Роман низко поклонился и пошел к двери.
– Послушай! – вернул его староста. – А где теперь Богдан?
– Здесь, пан староста, распродает свои вещи; На днях, слышал я, коня хочет продать. Видно, собирается к татарам.
– Хорошо! – отпустил его Конецпольский.
Несколько времени паны сидели молча, посматривая друг на друга. Барабаш, наконец, прервал молчание:
– Полагаю, пан староста, обо всем этом надо дать знать пану коронному гетману.
– А пан староста хорошо знает этого казака? – спросил Кречовский.
– Знаю, – отвечал Конецпольский, – он храбрый воин и честолюбив не в меру. Вероятно, и доносит на Хмельницкого оттого, что рада не выбрала его. – Странное дело, странное дело! – проговорил Кречовский. – Я всегда знал, что казак Богдан человек неспокойный; но чтобы он на такое дело решился, этого я не ожидал.

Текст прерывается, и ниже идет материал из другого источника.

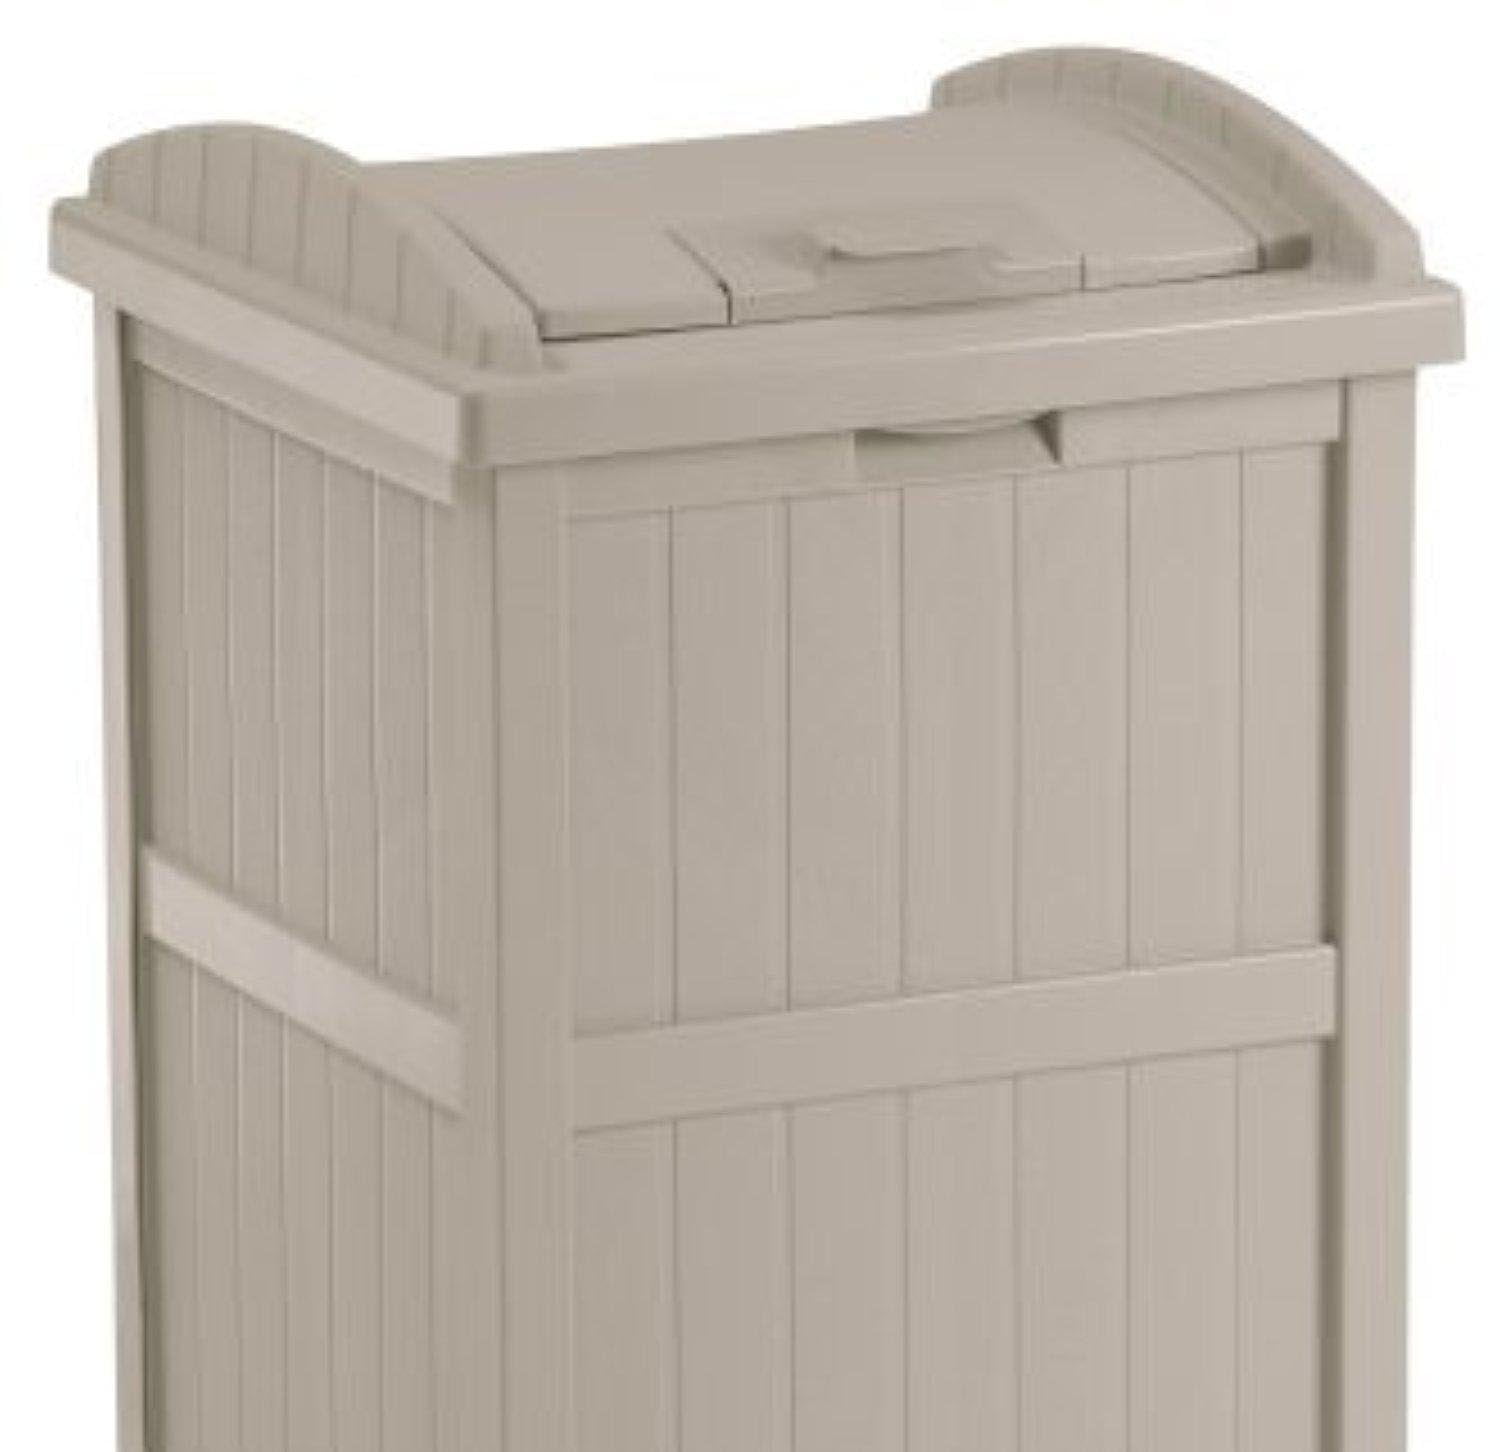 Suncast 33 Gallon Durable Plastic Hideaway Outdoor Garbage Can with Secure  Lid and Wicker Design for Home Backyards, Decks, or Patios, Java Brown

– Что же нам теперь с ним делать? – спросил Конецпольский. – Без воли коронного гетмана я ничем не могу распорядиться, а между тем, пока придет приказ, Богдан успеет ускользнуть из наших рук.
– Пан староста не может присудить его ни к какому наказанию, но арестовать его имеет право, и следует это сделать, как можно скорее. Я же со своей стороны пошлю гонца к пану коронному гетману и, если пан староста позволит, письменно объясню ему, в чем дело.
– Пожалуйста, я об этом попрошу пана полковника. А на пана Кречовского, такого находчивого и ловкого, позволю себе возложить другое поручение. Никто, кроме него, не сумеет схватить эту старую лису. Пан Кречовский заманит его как-нибудь, а когда он очутится в наших руках, мы уже сумеем с ним управиться.
– Да вот и случай к тому представляется. Пан староста слышал, как казак этот говорил о коне. Я напишу Хмельницкому, что пан желает купить этого коня. Только надо бы направить его куда-нибудь в окрестности Чигирина.
– Чего лучше, в Бужине скоро ярмарка, – заметил Барабаш.
– Хорошо, я рассчитываю на пана Кречовского и буду ждать вестей. Разговор как-то не вязался, все трое были, видимо, взволнованы, и оба полковника скоро раскланялись с хозяином.
Барабаш сейчас же, как пришел домой, написал пространное письмо коронному гетману, исчисляя все проступки Хмельницкого и указывая на то, что такой человек во главе восстания может быть очень опасным. "Надлежит угасить огонь, пока он не разгорелся", заканчивал он свое послание.